Mama Nervosa reached an amazing milestone this week: 10,000 views (and counting).  I know some of our readers are amazing and talented writers who run successful blogs that average 10,000 views a week, and we hope to get there someday. But for us, 10,000 is an enormous accomplishment. I can’t speak for Lauren, but for me? 10,000 means I can give myself permission to ignore the laundry for an hour and sit down to write.

Lauren and I met at a writers’ workshop in Iowa City; a mutual friend (and amazing writer) organized the workshop as part of Ariel Gore’s Literary Kitchen workshop series, and I signed up in a moment of temporary insanity. Because here’s the thing: even though I have imagined that I wanted to be a writer since I was a kid, I have spent most of the past 8 years (since leaving grad school) not writing at all. A fling with livejournal, a few letters, a lot of emails, the occasional witty facebook comment. That’s it. Not an essay, a chapter, not even a journal entry—and I journaled avidly from third grade through college and most of grad school.
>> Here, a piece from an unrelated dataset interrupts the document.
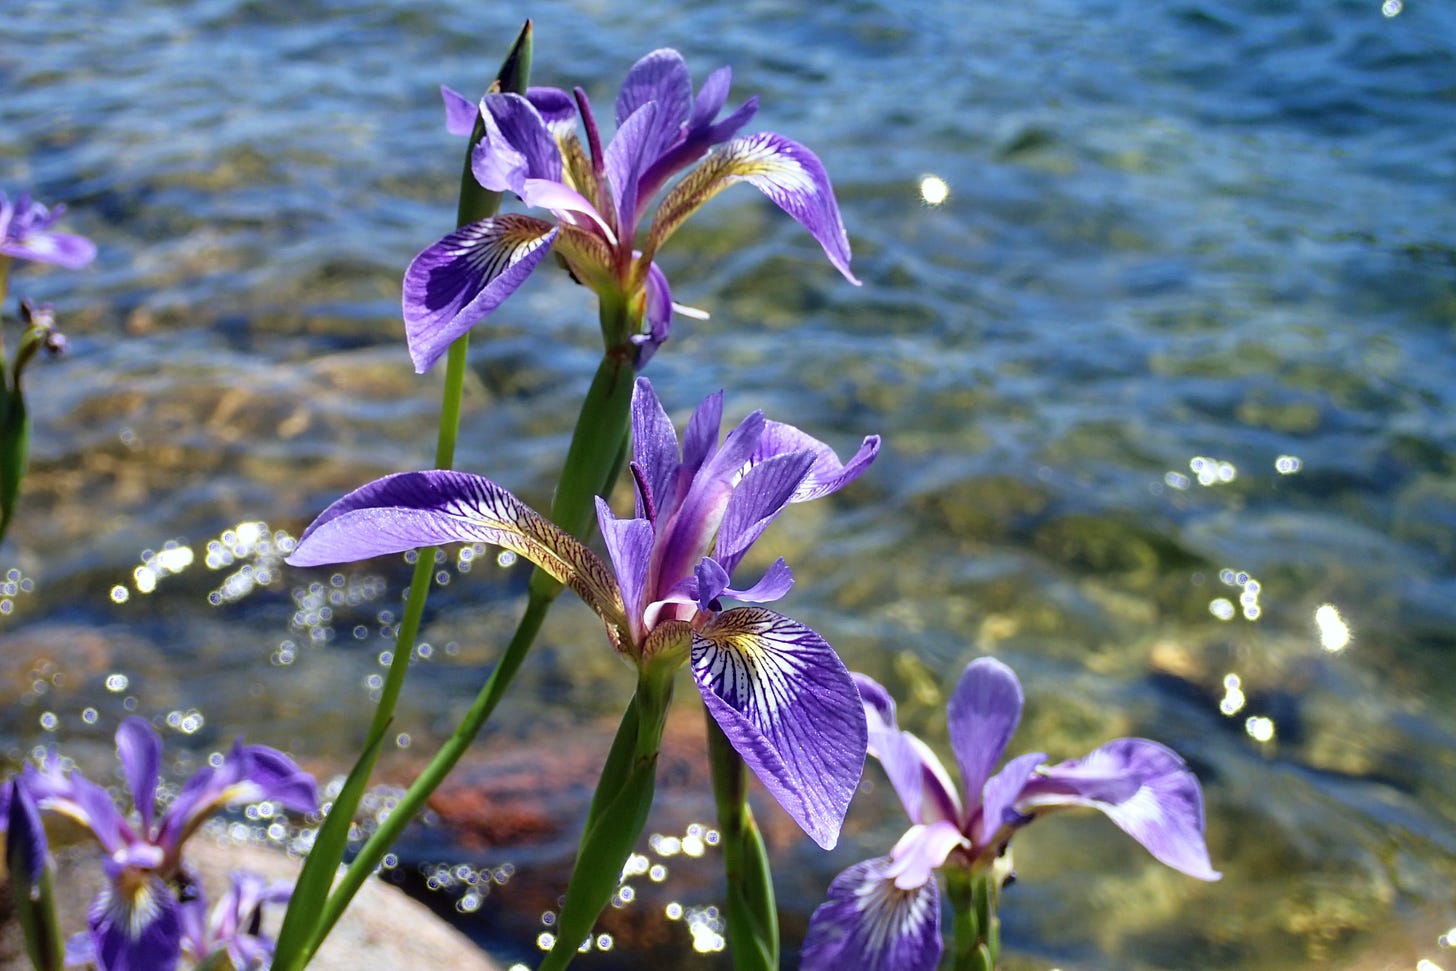 Northern Blue Flag Irises bloom along the shores of Jordan Pond in Acadia National Park.
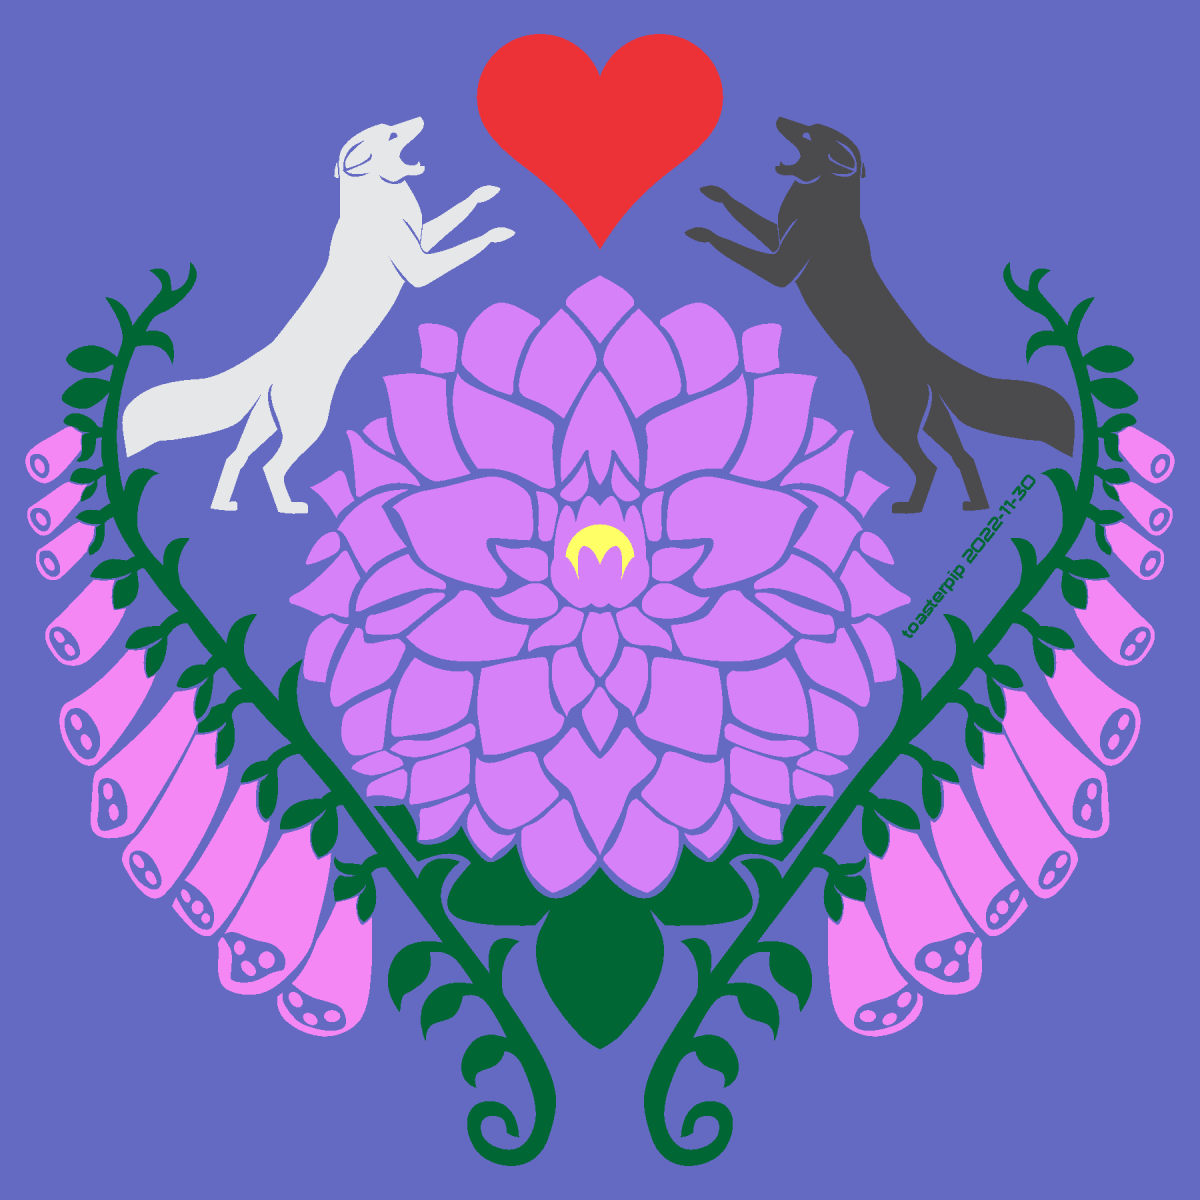 toasterpip design furry emblem crest fox foxglove laurels dahlia flowers floral

Even when working on a feminist book project with friends from undergrad, I primarily read and edited other people’s work.

I didn’t stop thinking of myself as a writer, which is weird, in retrospect, since I was very obviously NOT WRITING. Maybe it was my lack of do it start it keep it going capability, maybe it was all the negativity associated with writing in grad school, maybe it was just a natural shift as my location and day to day life and priorities and identity changed in ways large and small. But when Shell posted the workshop on her facebook, I knew, instinctively, that I needed to go. Even though I wasn’t a writer. Even though I had a small baby who was still breastfeeding. Even though I had no idea what the workshop would actually entail.  I signed up, paid, pumped a freezer full of breast milk, and got in the car.

At the workshop, I wrote and ate and drank and talk and danced and read my work out loud and listened to feedback from a room full of smart, thoughtful women, all talented writers. I wrote an essay about Phish tour that I’d been burning to write since I let the dissertation go. I remembered how good it felt to sit in a quiet room full of books all by myself with a laptop or with paper and pen and have the time and space and confidence to put the words on the page. And when Lauren (do it start it keep it going!) asked if I wanted to blog with her I made another crazy leap of faith and said YES, ABSOLUTELY SIGN ME UP. I neglected to tell her that I have never blogged before and I am largely technologically inept. I did not stop to think about how I was going to find time to write blog entries in between the laundry and the teaching and the parenting and the gardening and the trying to figure out how to come up with enough money to buy tickets for The Fresh Beat Band from stubhub since the good seats are all sold out but I already promised D we would go.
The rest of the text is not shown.